Ketua Komisi Informasi Pusat, Gede Narayana menekankan pentingnya transparansi dan akuntabilitas dari badan publik. Bernagkat dari hak atas informasi adalah hal setiap warga negara maka negara harus hadir dengan semangat akuntabilitas dan keterbukaan untuk mendapatkan dukungan dan kepercayaan masyarakat dalam menyelenggarakan pemerintahan.

Lebih lanjut Gede menambahkan cakupan UU KIP adalah informasi publik yang dikelola oleh Badan Publik dan dimohonkan oleh warga negara atau badan hukum Indonesia selaku pemohon, bukan antara badan publik dan badan publik lainnya. Dia juga menegaskan bahwa pada dasarnya semua informasi adalah terbuka, namun demikian Badan Publik diberikan hak untuk menetapkan beberapa informasi yang dikecualikan sehingga tidak dapat diberikan kepada Pemohon. Tentunya, penentuan tersebut harus sesuai dengan ketentuan UU KIP dan melalui prosedur-prosedur yang berlaku. “Dan perlu diperhatikan bahwa UU KIP tidak dapat berdiri sendiri karena terkait dengan undang-undang lain yang mengatur kerahasiaan secara spesifik”, tambahnya.

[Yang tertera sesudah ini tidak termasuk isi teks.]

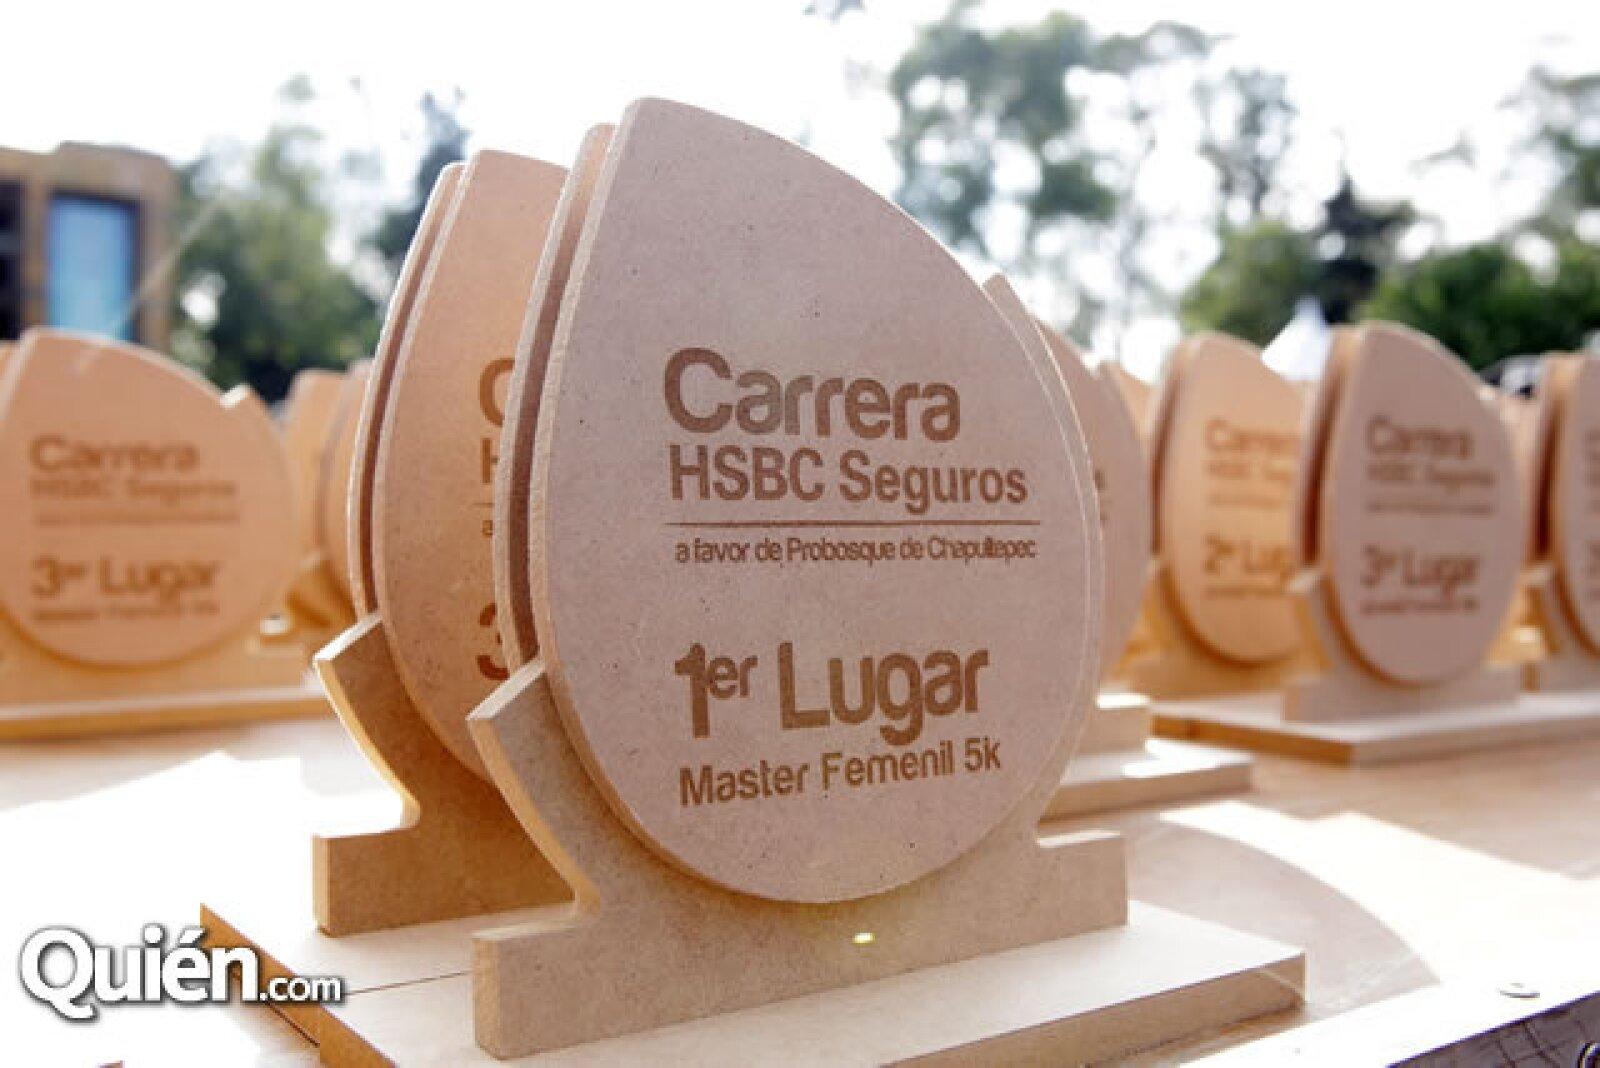 Carrera HSBC

Diawali dengan pemutaran video profil singkat PPID Tingkat LNSW, Muhammad Lukman menjelaskan mengenai gambaran pelayanan informasi publik yang dilakukan oleh LNSW. Ada beberapa cara agar pemohon dapat dengan mudah menyampaikan permohonan informasi publik yaitu melalui www.e-ppid.kemenkeu.go.id, email ppidlnsw@insw.go.id, atau datang langsung ke Layanan Informasi di kantor LNSW yang saat ini untuk sementara ditiadakan mengingat kondisi pandemi COVID-19.

“Kami juga telah mempublikasikan informasi publik yang kami kelola pada website sehingga mudah diakses oleh publik”, ucapnya menambahkan keterangan bagaimana LNSW berkomitmen untuk mewujudkan keterbukaan informasi publik.

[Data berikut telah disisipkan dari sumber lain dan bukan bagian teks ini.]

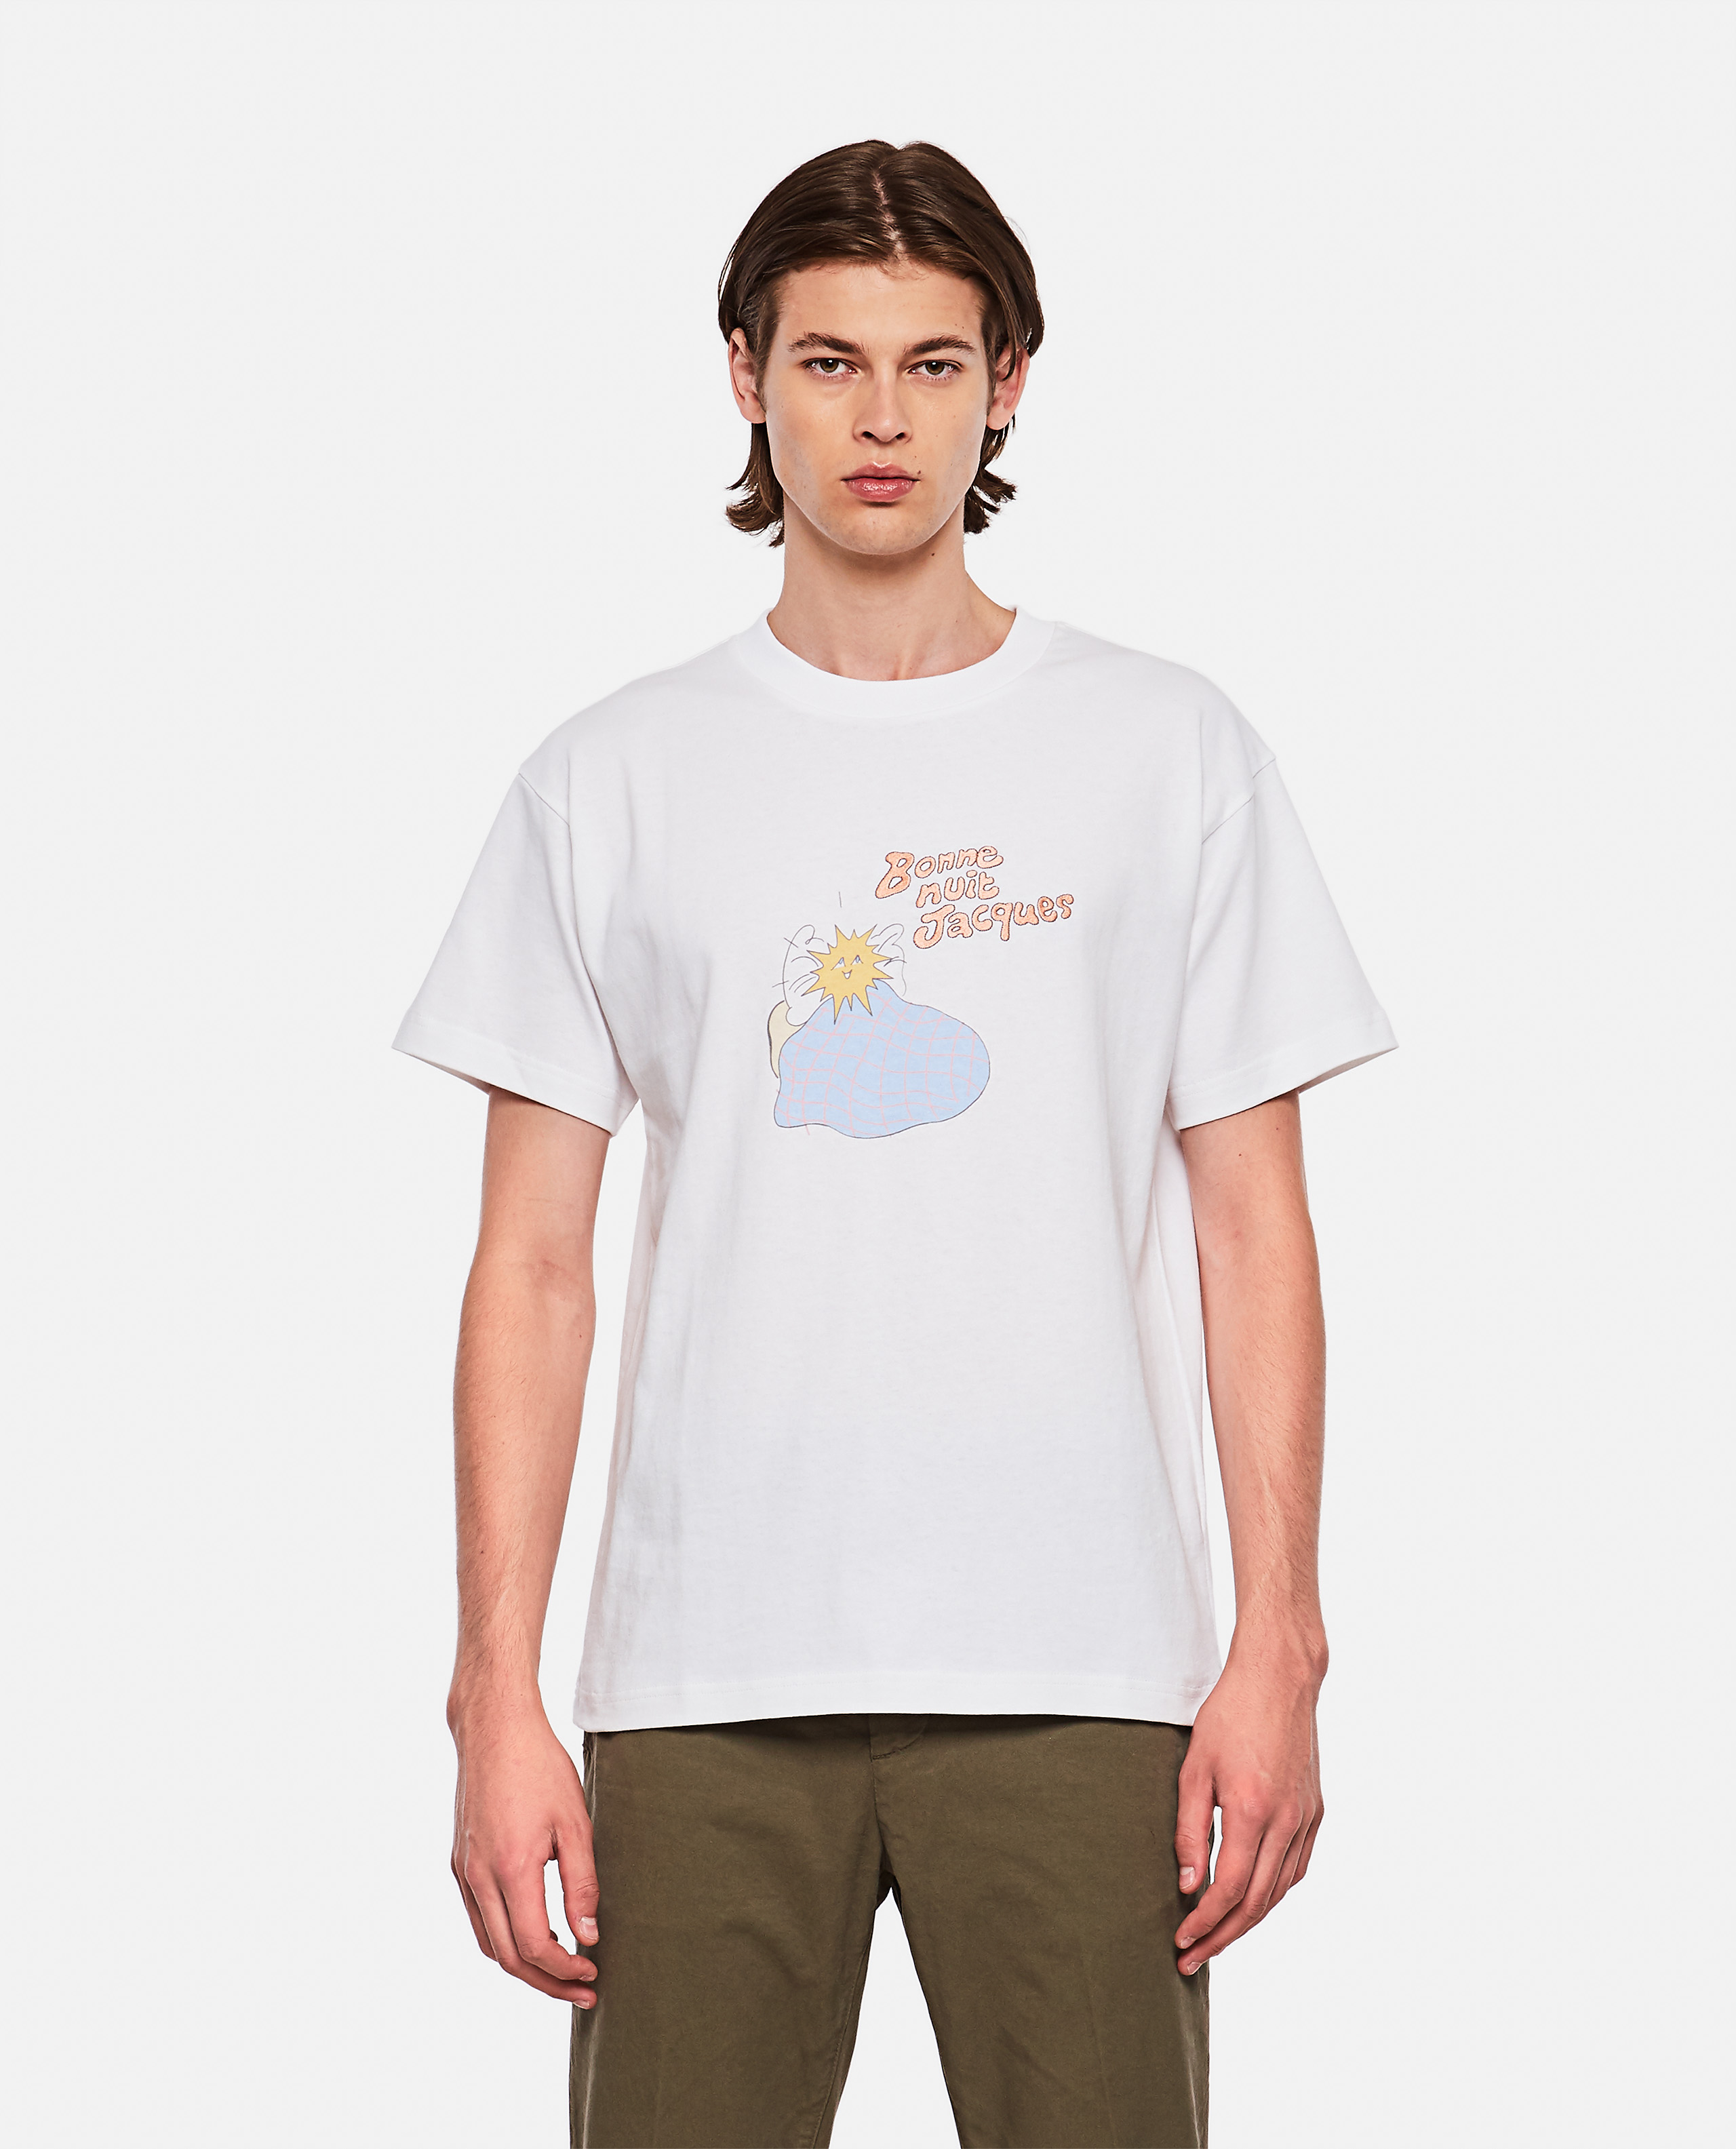 Jacques t-shirts

Kegiatan yang diikuti hampir 500 peserta baik yang bergabung dalam zoom maupun mengikuti melalui akun Youtube Lembaga National Single Window mendapatkan antusiasme dari para peserta, baik yang berasal dari lingkungan Kementerian Keuangan, Kementerian/Lembaga lain maupun publik. Dan diharapkan agar LNSW senantiasa mengadakan acara sejenis yang dinilai peserta memberikan manfaat, baik bagi Badan Publik maupun masyarakat.